NIMAS, which has been endorsed by the U.S. Department of Education, may not be voluntary much longer. In their current reauthorization bills for the Individuals With Disabilities Education Act, which is amended and renewed every few years, both the U.S. House of Representatives and the Senate include the guidelines. Once IDEA is reauthorized, publishers will have two years to provide NIMAS-compliant materials for students with disabilities. State-level administrators may also be able to purchase the same materials for general use.

“We used to think [our mission] was a line of code in the software; now we see it as a line of code in a bill,” David Rose says. “What we’re trying to do is build more power into the materials, and more flexibility, so the teacher doesn’t have to remake it.”

Publishing guidelines are not the only CAST-related effort that has been endorsed by the education department. Since 2001, the nonprofit has received more than $5.2 million in federal grants. One grant worth $1.5 million went to research on reading comprehension, an acknowledgment of the gains made by students like Anais.

In June, Driscoll’s classroom was awash with students getting ready to showcase final presentations for Bud, Not Buddy. Anais and two friends, Shardee Burston and Lynnicia Barnett, had decided to perform the scene in which Todd sticks a pencil up Bud’s nose while he’s asleep. After Bud awakens, he fights back—until Mrs. Amos enters and accuses him of picking on her son.

The students introduced the chapter, then Anais, in the role of Bud, curled atop a small table serving as a bed. Shardee, playing Todd, entered with a pencil in hand. The girls wrestled to the floor, then remembered to dip into a plateful of red paint. Both of them now smeared with “blood,” Shardee held her neck as Anais ducked under the bed.

Enter Lynnicia as Mrs. Amos, who listened sympathetically to Todd’s version of events:

Todd: I was only trying to help, and...and look what it’s gotten me.

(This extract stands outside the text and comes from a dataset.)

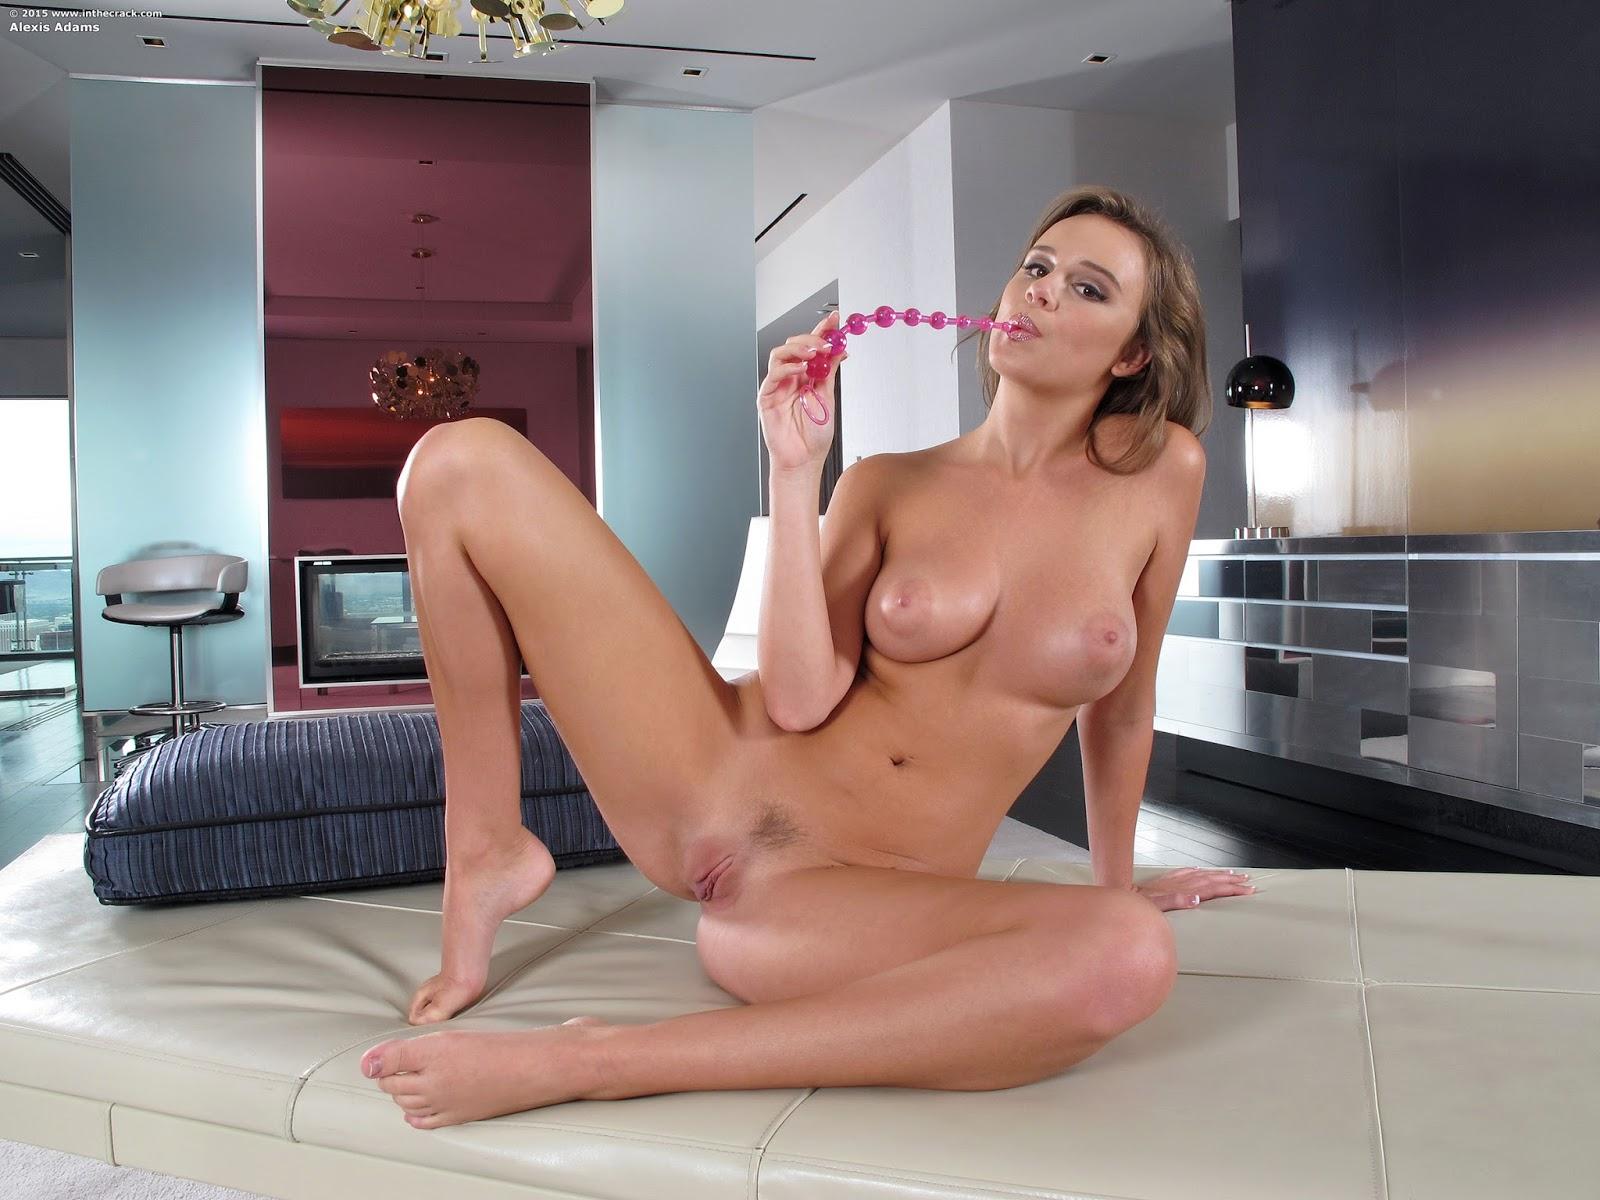 Alexis Adams занимается на веранде порно фото бесплатно

Mrs. Amos (to Bud): This is how you choose to repay me? Not only have you struck him, you provoked his asthma!

Todd: I was just trying to wake him to make sure he’d gone to the lavatory. I was just trying to help.

Mrs. Amos (to Bud): Go to Todd and apologize, or I shall be forced to give you the strapping of your life.

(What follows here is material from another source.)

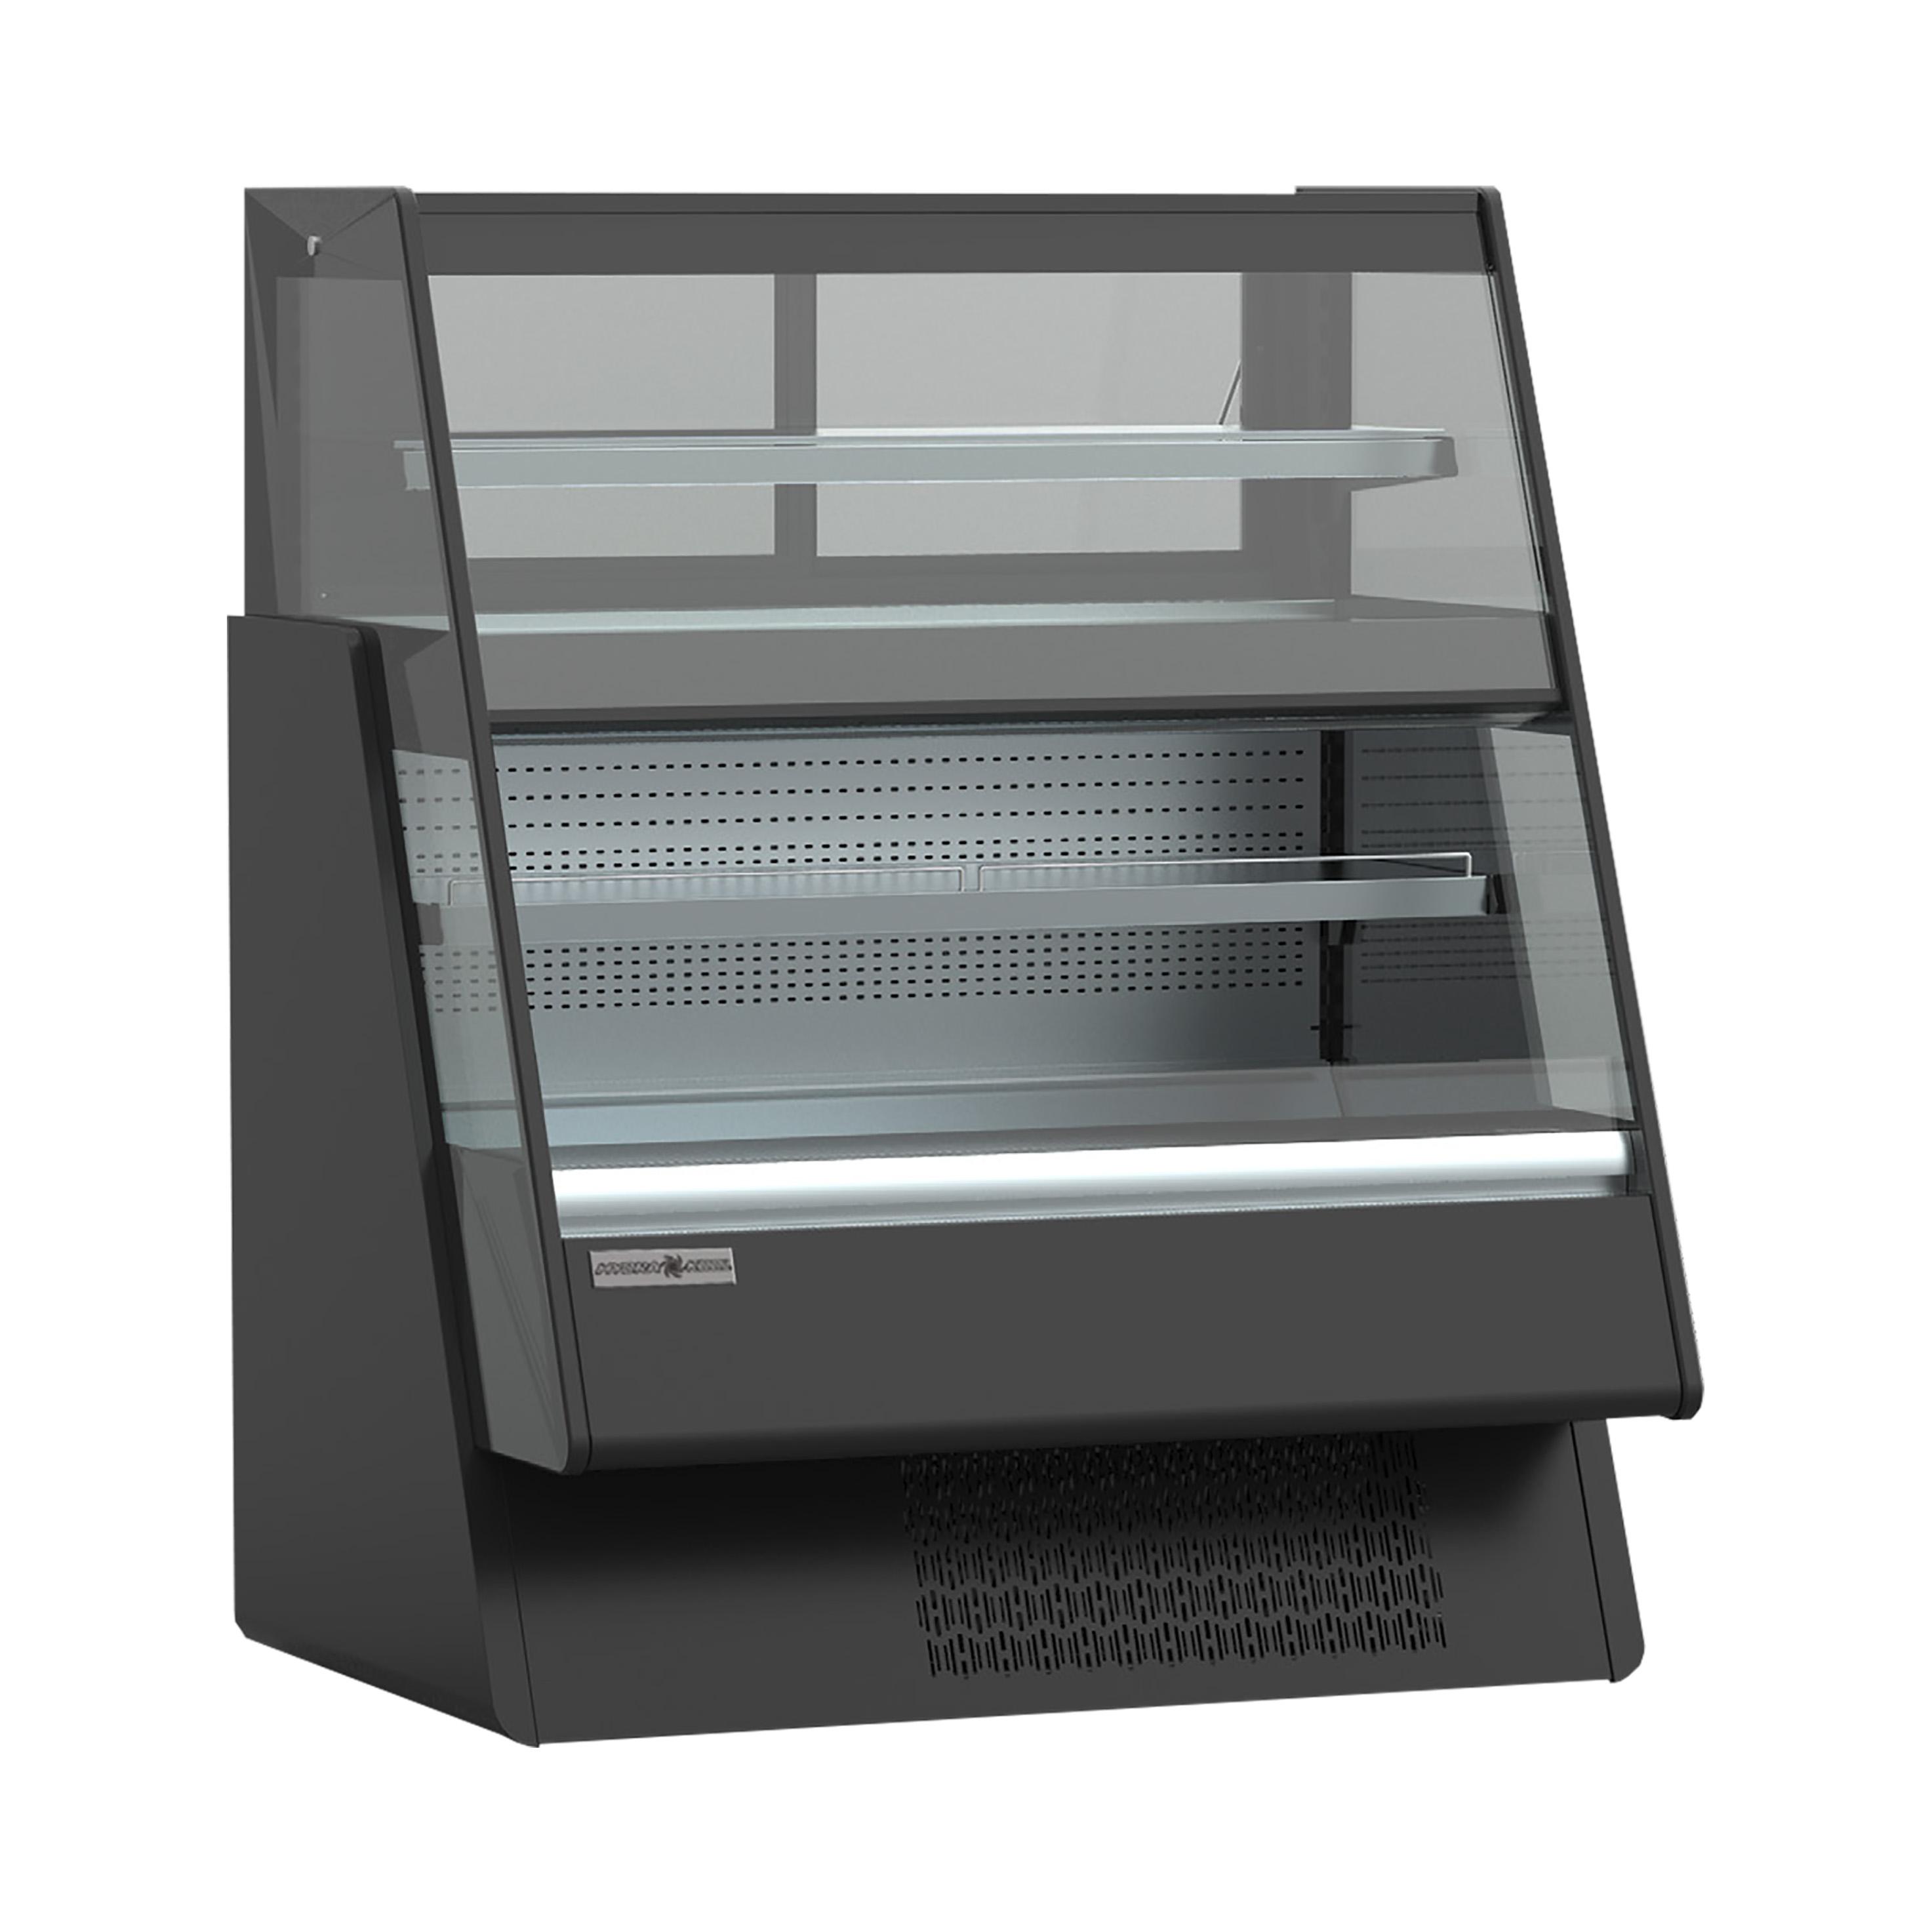 MVP KGL-OU-36-S merchandiser, open refrigerated display

Bud: It was wrong of me to hit you. I know you were only trying to help, and I’m very sorry for what I did.

The girls recited straight from the book, skipping a few lines here and there to keep the program short. What was notable, at least for Driscoll, was that Anais spokepublicly at all.

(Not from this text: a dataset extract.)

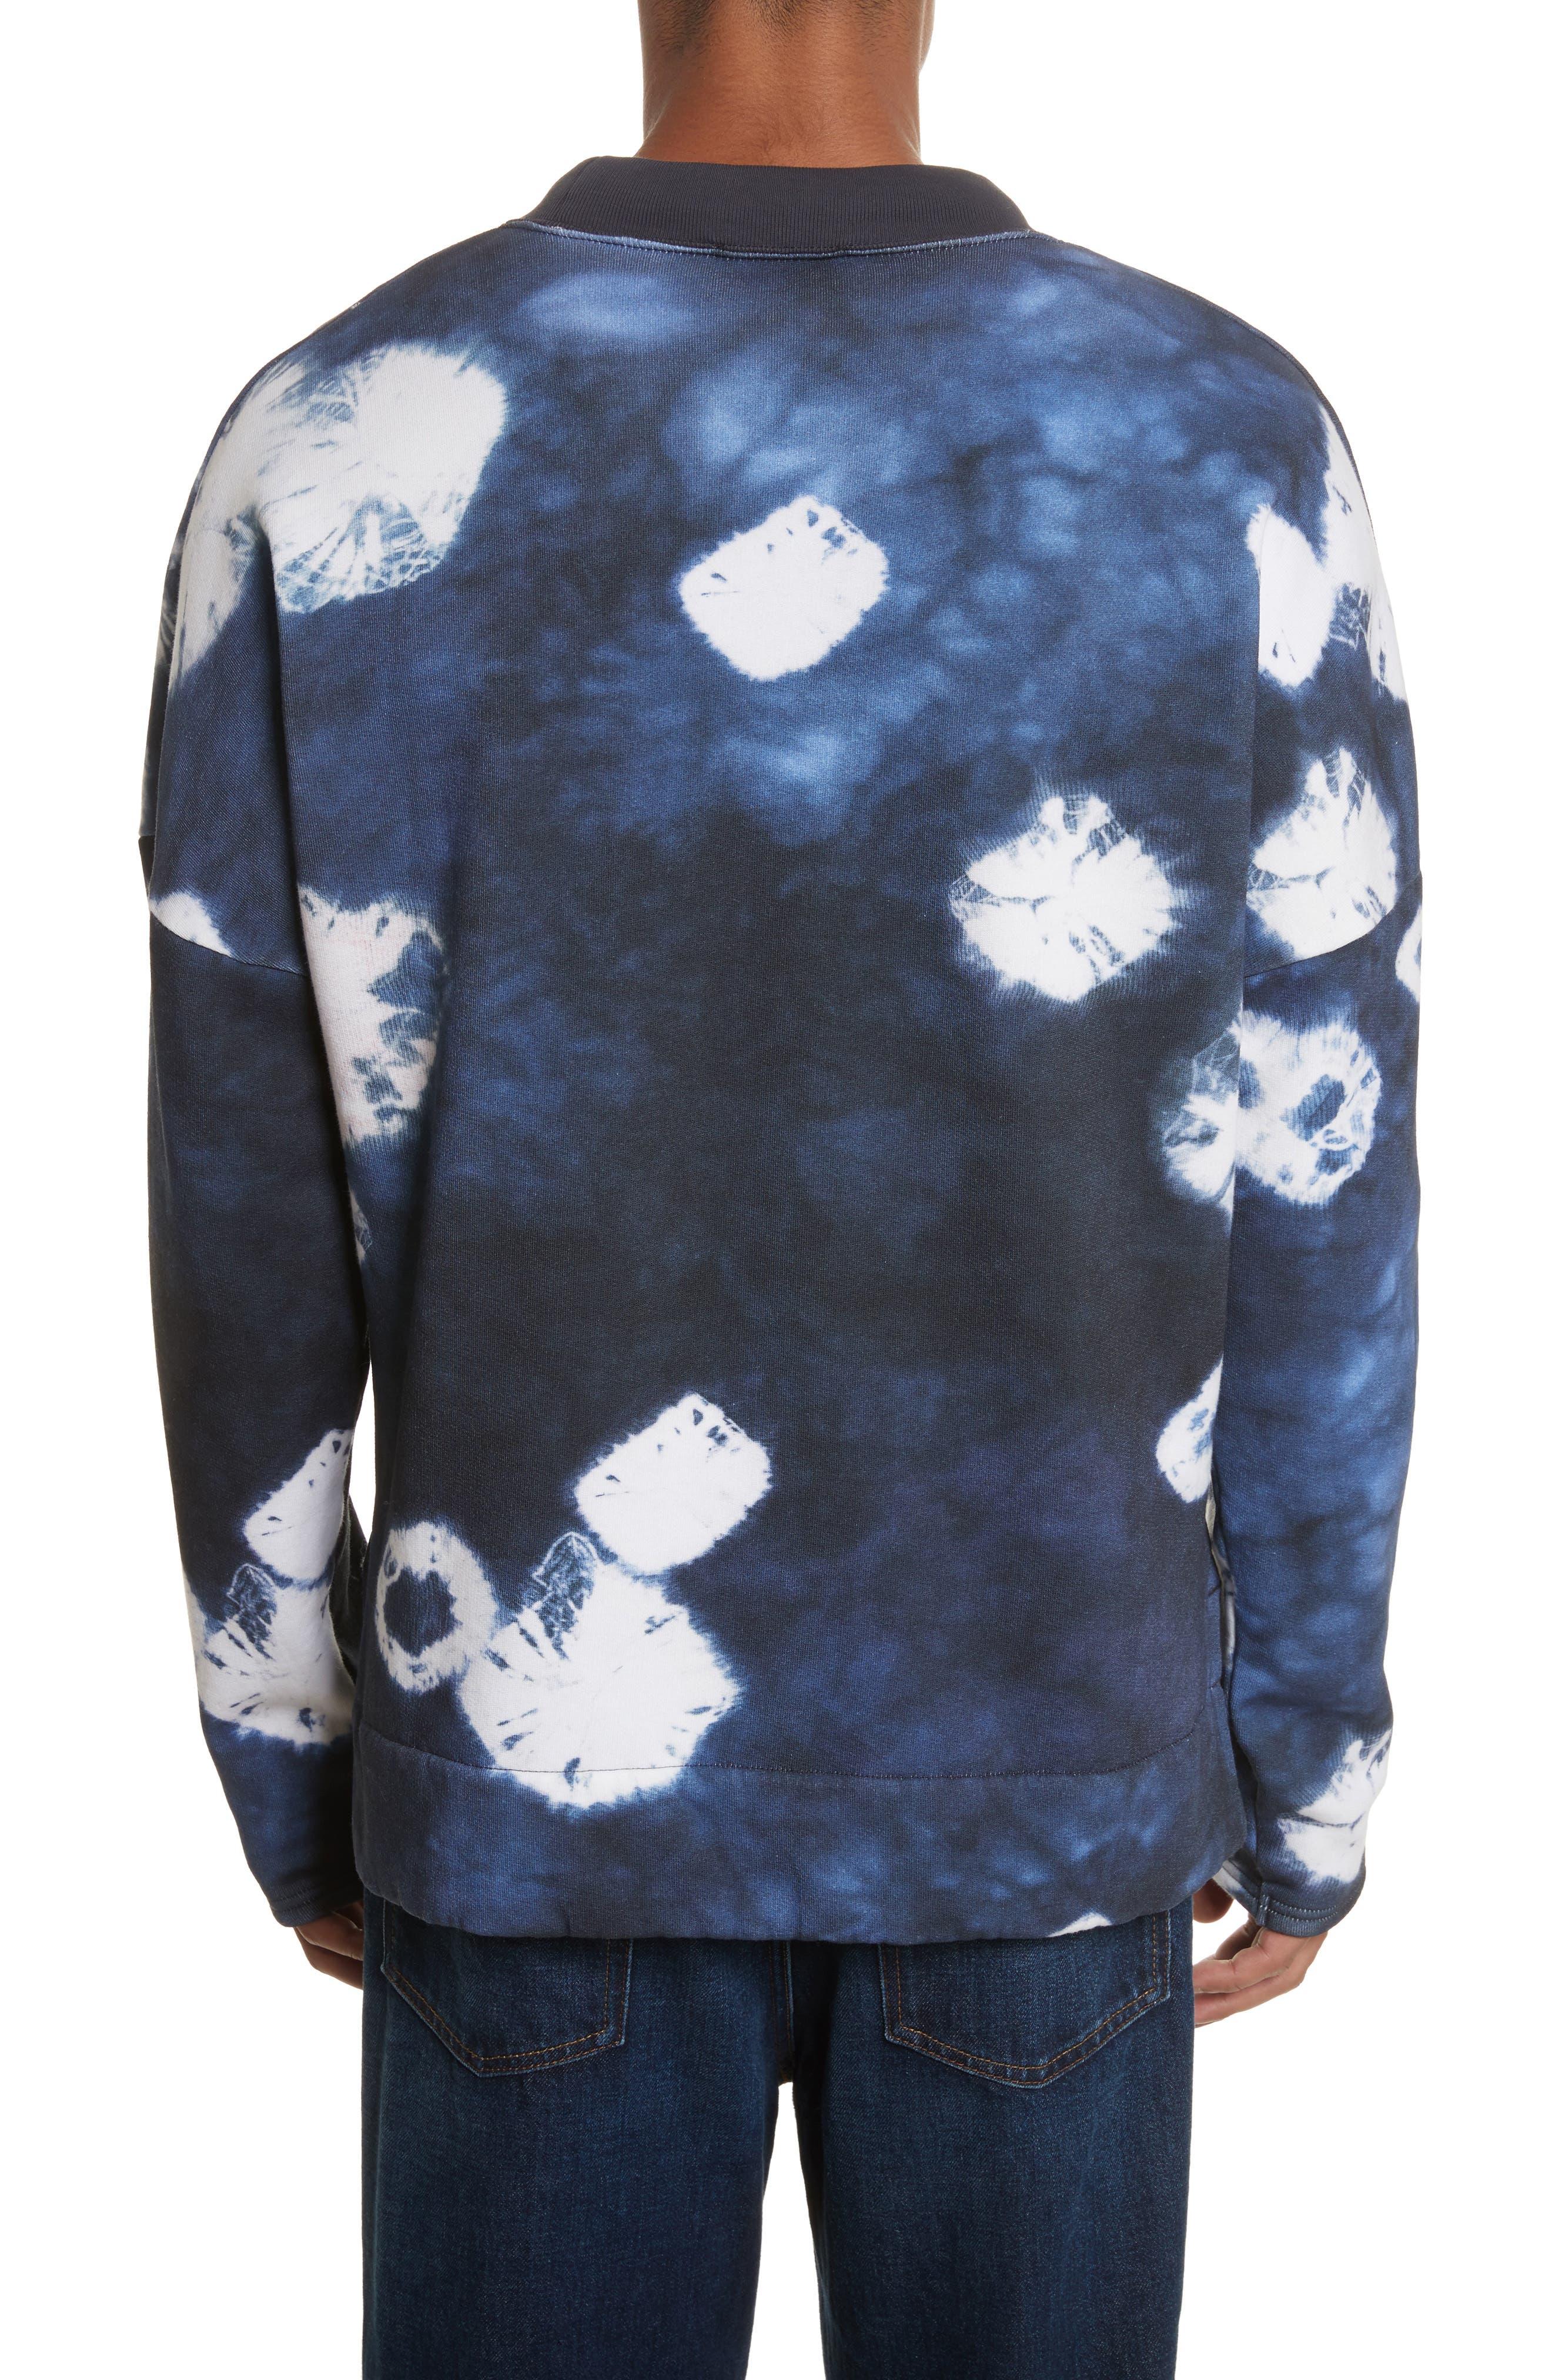 Fellke Bleach Indigo Sweatshirt,                             Alternate thumbnail 2, color,                             410

“It’s incredible that she read out loud for her presentation because before, she wouldn’t do that,” Driscoll says. “We have had situations this year where teachers asked her to read out loud and then put consequences on her when she didn’t do it.”

At home that afternoon, Anais’ mom, Ana Dominguez, admitted that she still has to prod the teenager to read. But, she continued, speaking with a thick Spanish accent, “she says that she’s doing better, that she’s learning, that she feels more special.”

Dominguez was sitting on a loveseat in a tiny living room dominated by a large-screen television. Soon, Anais and her oldest brother, Michael, arrived. After a quick trip upstairs to her room, Anais dropped onto the couch next to her mom. “Wow,” Dominguez said, looking at two small trophies in her daughter’s hands. "¿Dónde Mikey?”

“He’s upstairs. He only got one,” Anais declared, showing off her soccer awards and a swimming certificate. She told her mother about the presentations in Driscoll’s class and added that one of the observing teachers gave her group top scores in all grading areas.

Reflecting on the school year about to end, Anais recalled that in the fall, she kept waiting for someone to pull her out of class, as they had for years. It took her a few days to realize that with help from Driscoll and UDL, the pattern had changed.

“Now if I read a book, I’ll understand it,” she said. “It showed me...that reading isn’t all that hard and that you can see your own work if you talk to the text and you think through your work. I’m not only at Level 1. I can go up to a Level 2, and a Level 3, and a Level 4.”